Go through the records below and tally the lines that include "position". Answer with the number only.

■ EXERCISE DATA ■
┄┄┄┄┄┄

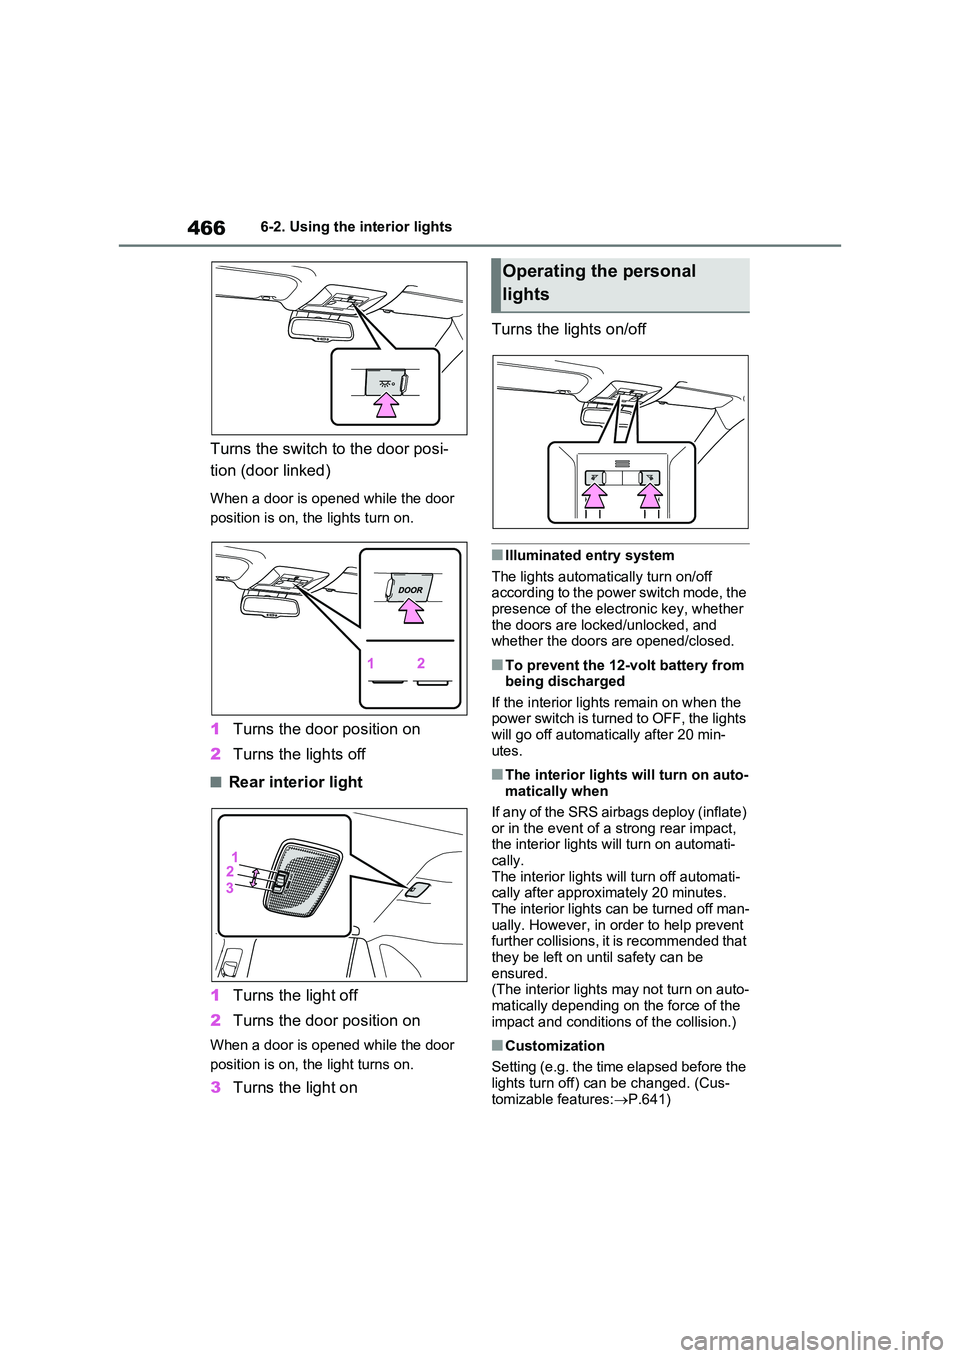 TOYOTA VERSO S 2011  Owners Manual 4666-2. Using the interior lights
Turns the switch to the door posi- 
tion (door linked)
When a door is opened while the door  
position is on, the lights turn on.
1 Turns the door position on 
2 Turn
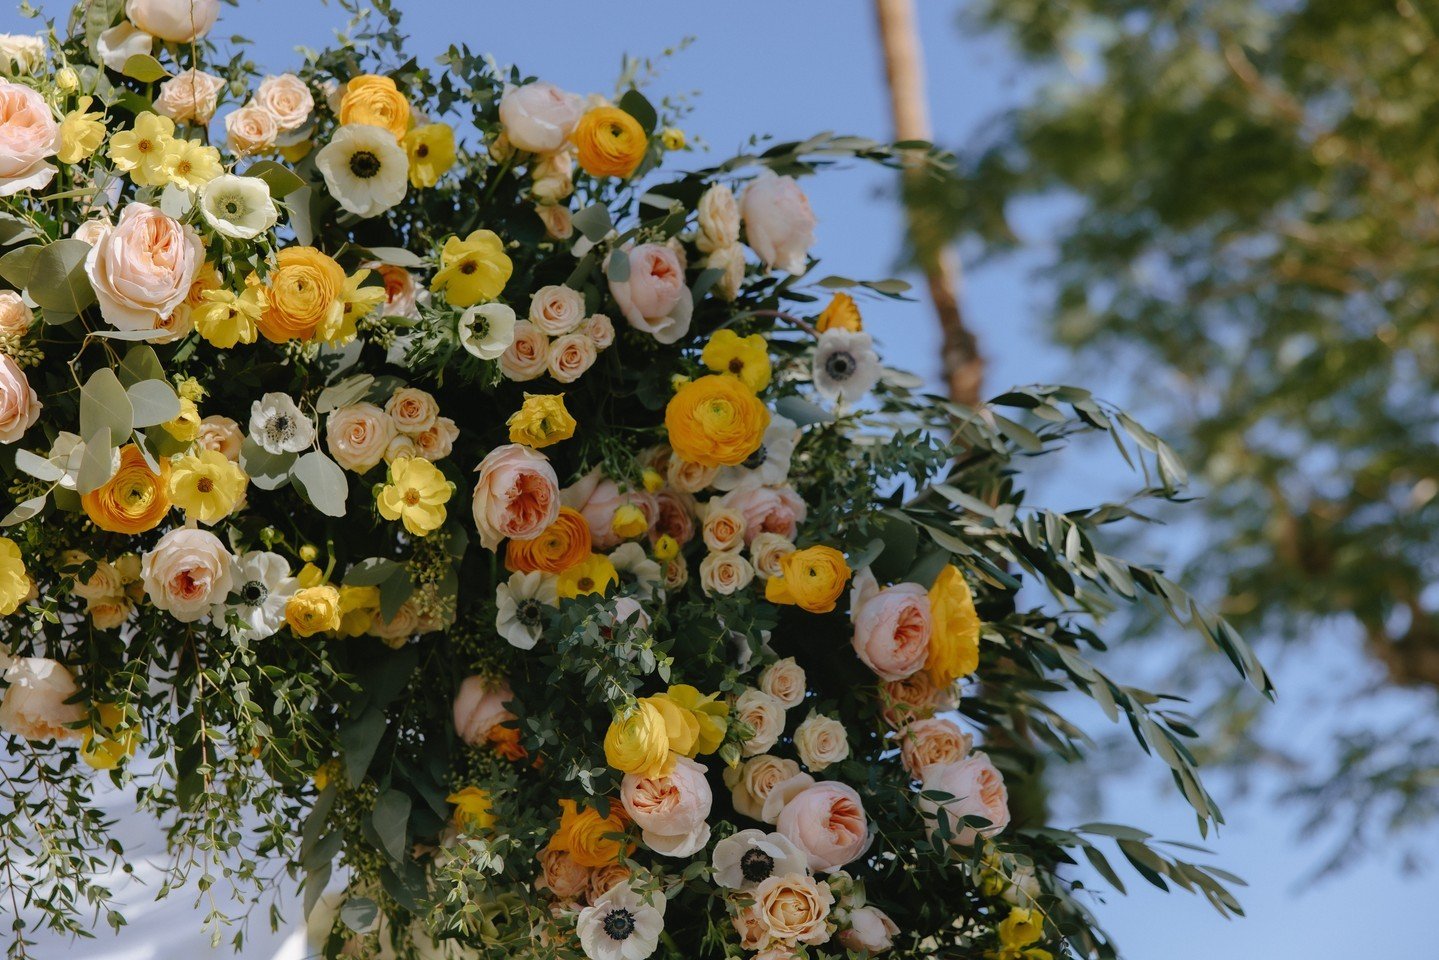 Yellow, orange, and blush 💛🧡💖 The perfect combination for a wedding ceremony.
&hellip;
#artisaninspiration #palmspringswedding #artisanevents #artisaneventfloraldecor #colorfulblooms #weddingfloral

┄┄┄┄┄┄

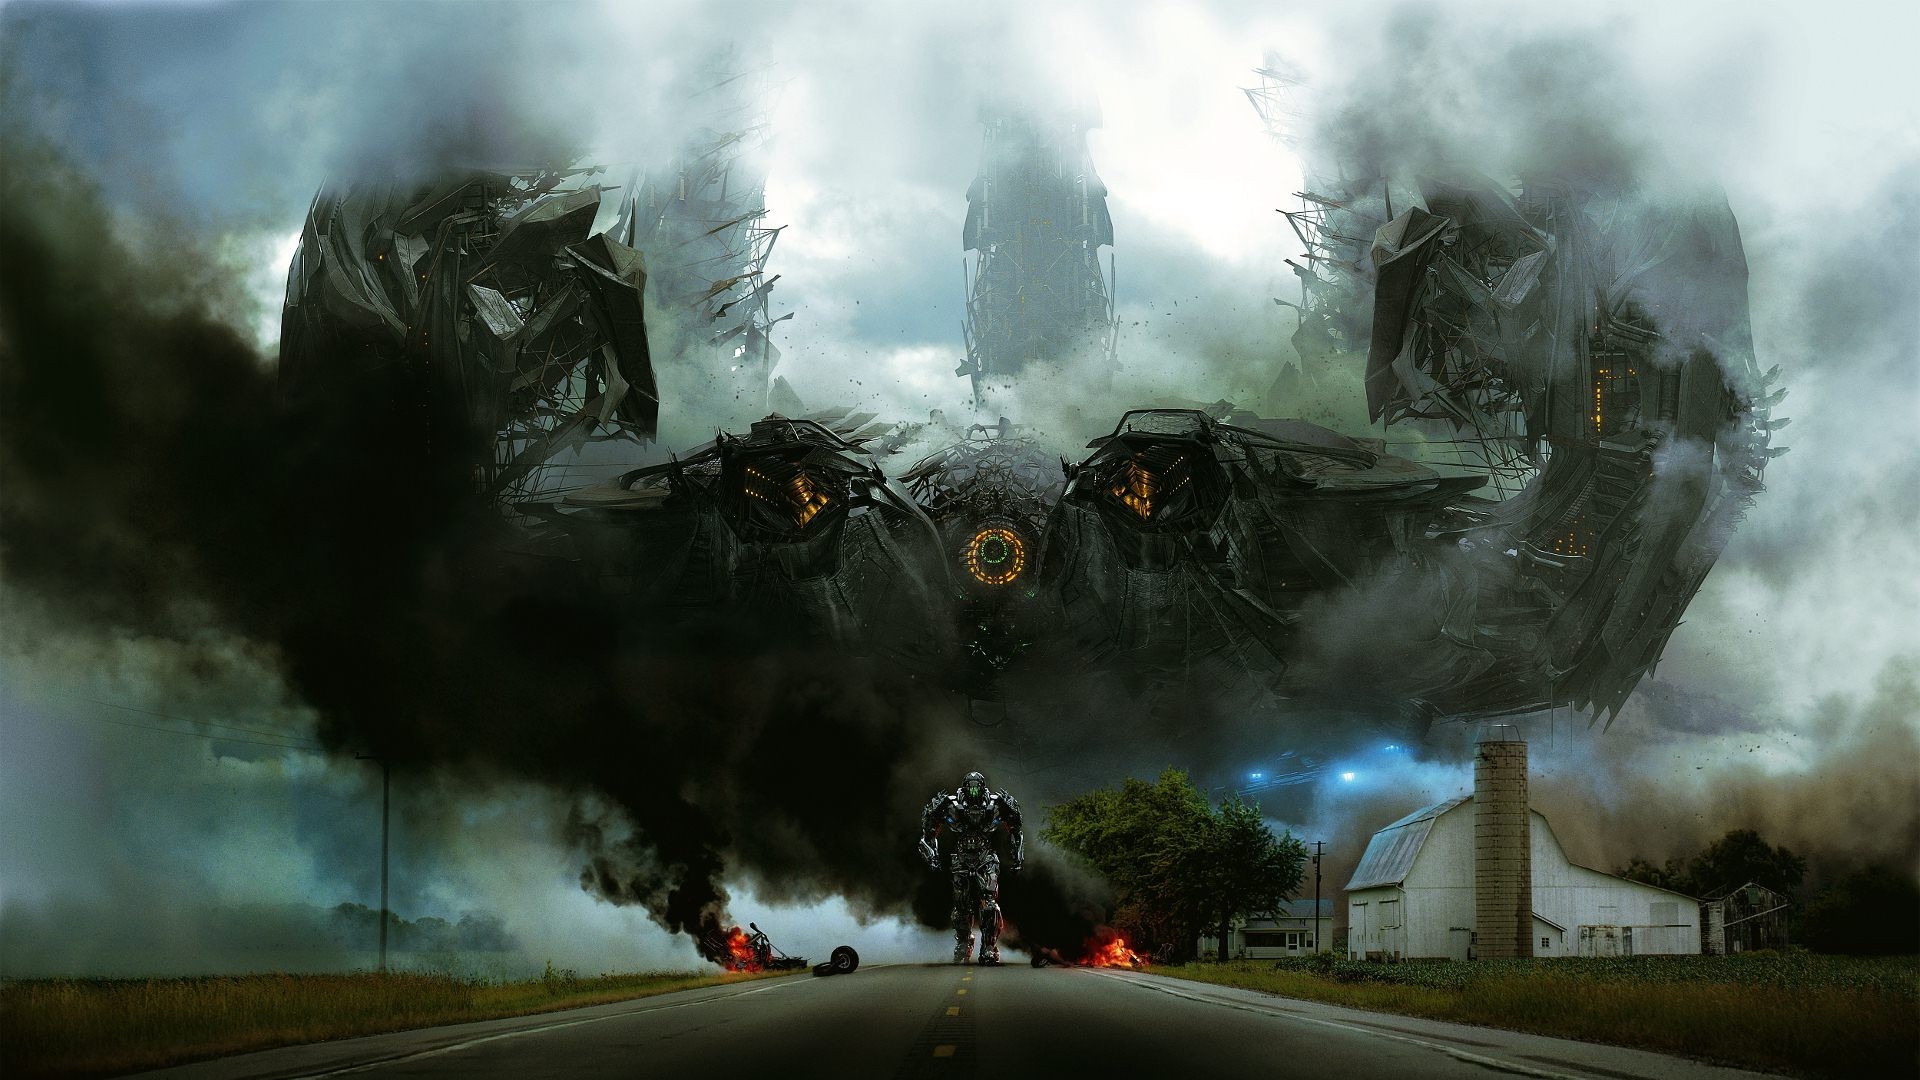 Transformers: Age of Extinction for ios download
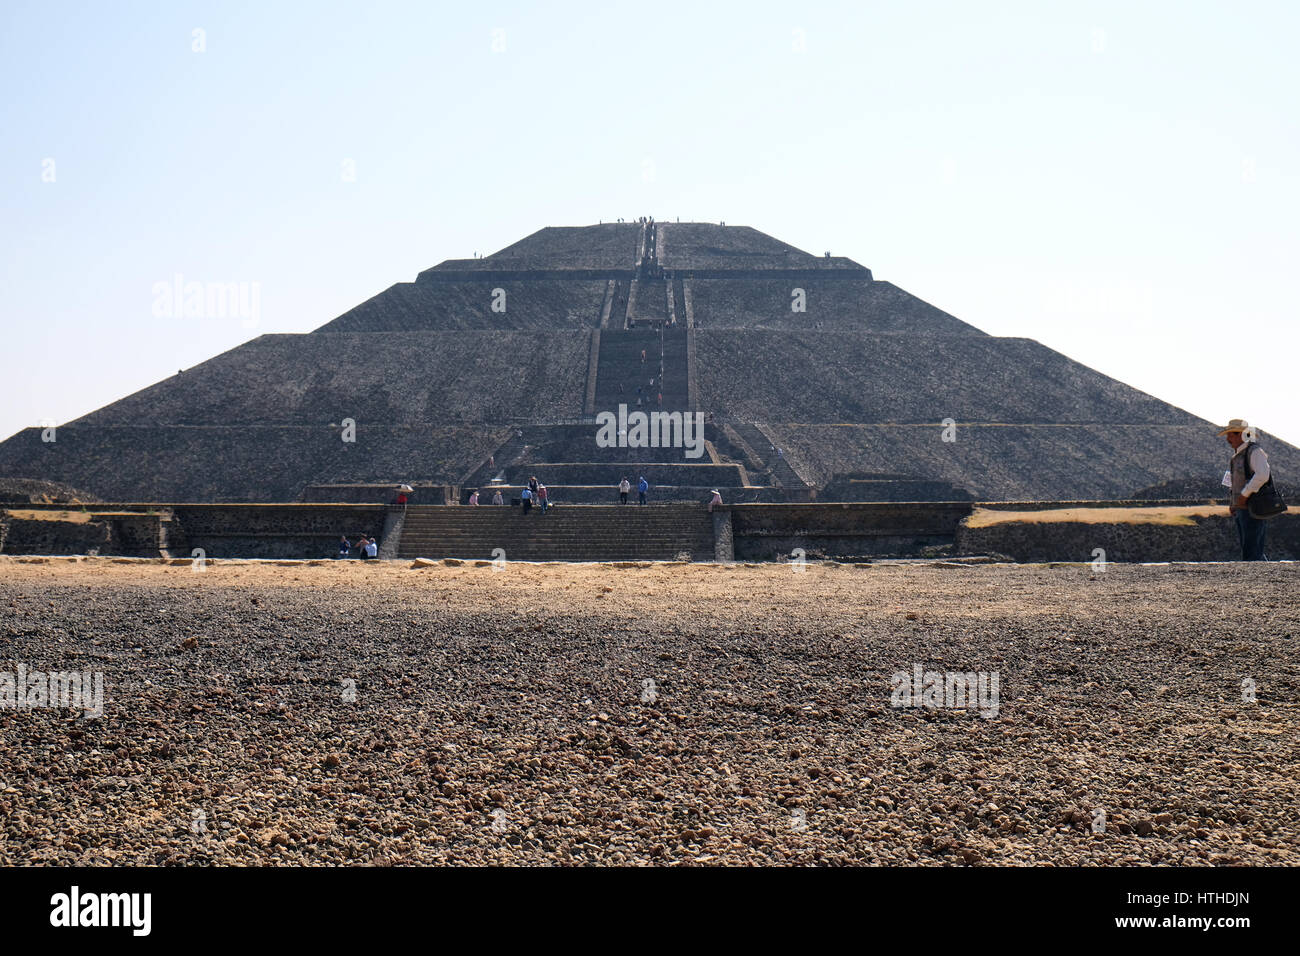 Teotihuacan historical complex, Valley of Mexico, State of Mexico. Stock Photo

┄┄┄┄┄┄

■ FINAL ANSWER ■
2